Anti-guanyl cyclase E (GUCY2E; AB14788, Abcam), an antibody selected against the C-terminal end of murine retinal guanylyl cyclase 1 protein (AAC42081; according to the manufacturer), was tested on mutant and B6 control retinas. Other antibodies used were anti-rhodopsin (MAB5356; Millipore, Billerica, MA, United States), anti-blue opsin (OPN1SW; AB5407; Santa Cruz), anti-red/green opsin (OPN1MW; AB5405; Millipore, Billerica, MA, United States), anti-cone transducin (GNAT2; PA5-22340, Thermo Fisher), and anti-cone arrestin (ARR3, AB15282; Millipore, Billerica, MA, United States).
2.6. Retinal flatmounts
Following carbon dioxide inhalation, enucleated eyes were dissected mid-limbus in ice-cold 4% PFA. Eye cups were placed in 4% PFA for 2 h at 4°C, cut into petals, and retinas gently peeled from the retinal pigment epithelium (RPE)-choroid-sclera using a nitrocellulose membrane. After fixation, tissues were incubated in blocking solution for 2 h at RT followed by primary antibody for 3 days at 4°C with constant shaking. After washing in PBS, retinal flatmounts were immersed in a solution containing Alexa Fluor 488–conjugated goat anti-rabbit (#A21206) and Alexa Fluor 647-conjugated donkey anti-goat (#A32849TR) secondary antibodies (Invitrogen, Waltham, MA, United States).
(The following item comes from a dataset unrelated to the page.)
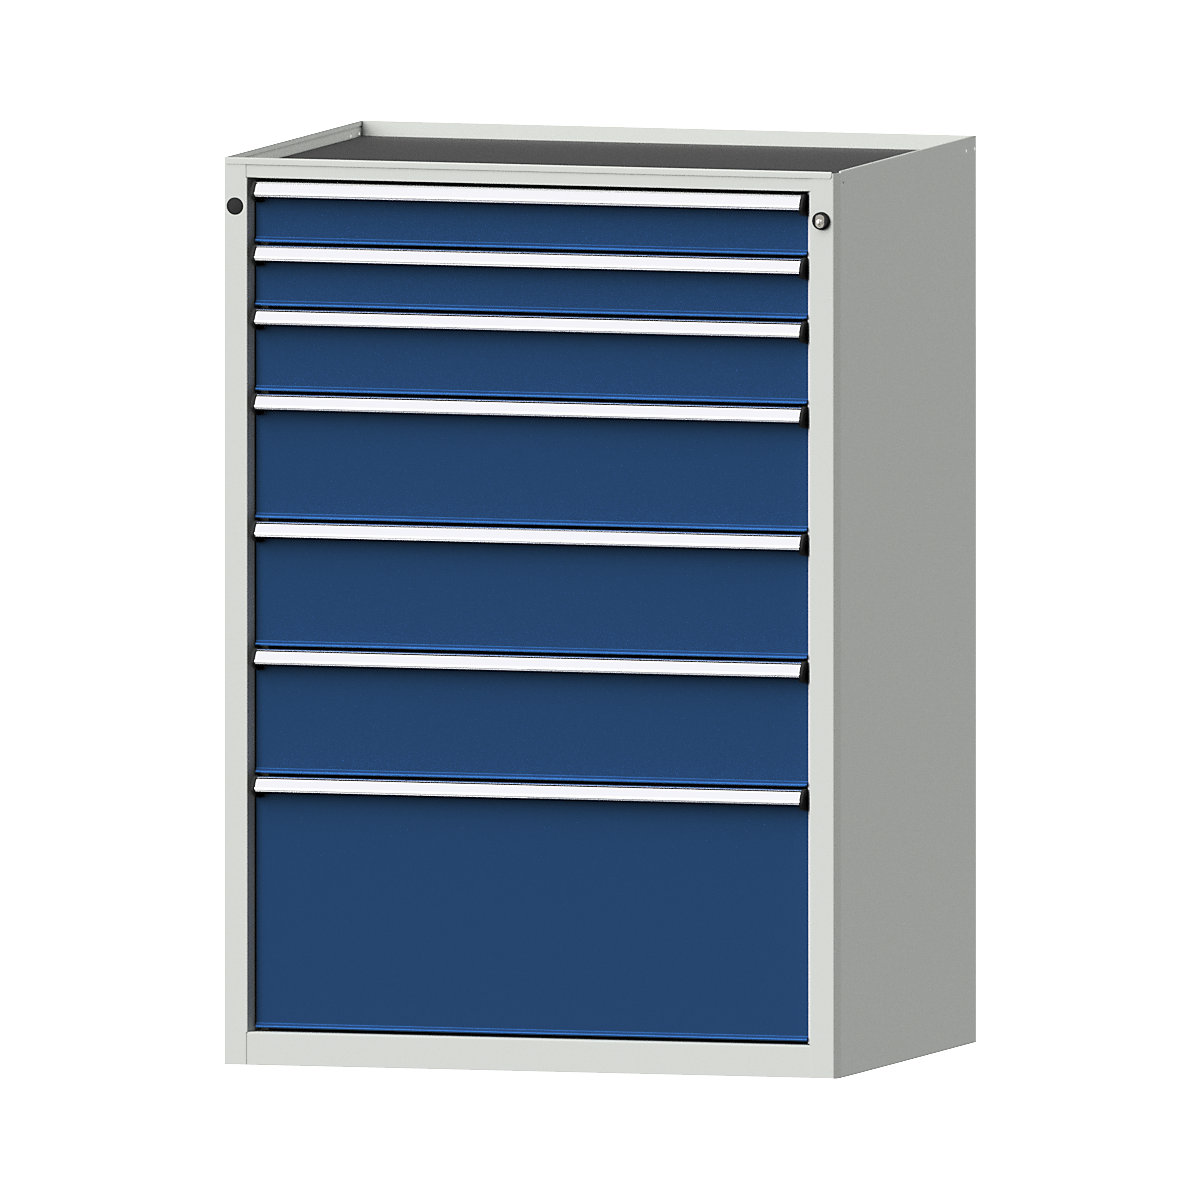 Armoire à tiroirs – ANKE, l x p 910 x 675 mm, charge max. tiroirs 200 kg, 7 tiroirs, hauteur 1280 mm, façade bleu gentiane-4

For cone staining, retinas were co-stained with rhodamine-PNA (#RL-1072, Vector Laboratories, Burlingame, CA, United States) for 2 days at 4°C with constant shaking. DAPI (#D1306, Invitrogen) was used as a nuclear stain. After several washes in PBS, tissues were post-fixed in 4% PFA for 10 min. Samples were rinsed through a glycerol gradient and then cover slipped in Vectashield mounting medium (H1000, Vector Laboratories). Samples were imaged at 10× using a Zeiss Axio Observer (Carl Zeiss). For cone counts, image stacks through the outer retina were acquired at dorsal and ventral regions using a Stellaris confocal microscope. To quantify cone matrix sheaths stained with PNA in these regions, the Find Maxima tool of Fiji was adjusted manually to optimize the identification of individual sheaths, with additional manual review of the image stack to identify sheaths that were not detected by the Find Maxima operation or to resolve overlapping sheaths where needed. For high-resolution imaging, image stacks were acquired on a Leica SP8 confocal microscope using a 63× glycerol objective and 1.5x digital zoom, 1.0 μm z-step. Image stacks were analyzed in Imaris 9.7.4 (Bitplane, South Windsor, CT, United States).
2.7. qRT-PCR analysis
Total RNA was isolated from postnatal day 18 (P18) retinas of B6 (n = 6) and homozygous cpfl9 mice (n = 6) using TRIzol (Life Technologies)/chloroform treatment as previously described (Weatherly et al., 2022). RNA clean-up and DNase digestion was performed on an RNeasy spin column (Qiagen, Germantown, MD). Total RNA was eluted in RNase-free water and quantified using a Nanodrop ND1000 spectrophotometer (Thermo Fisher) and cDNA was generated using the Superscript IV First Strand Synthesis System (Thermo Fisher) according to manufacturer’s protocol.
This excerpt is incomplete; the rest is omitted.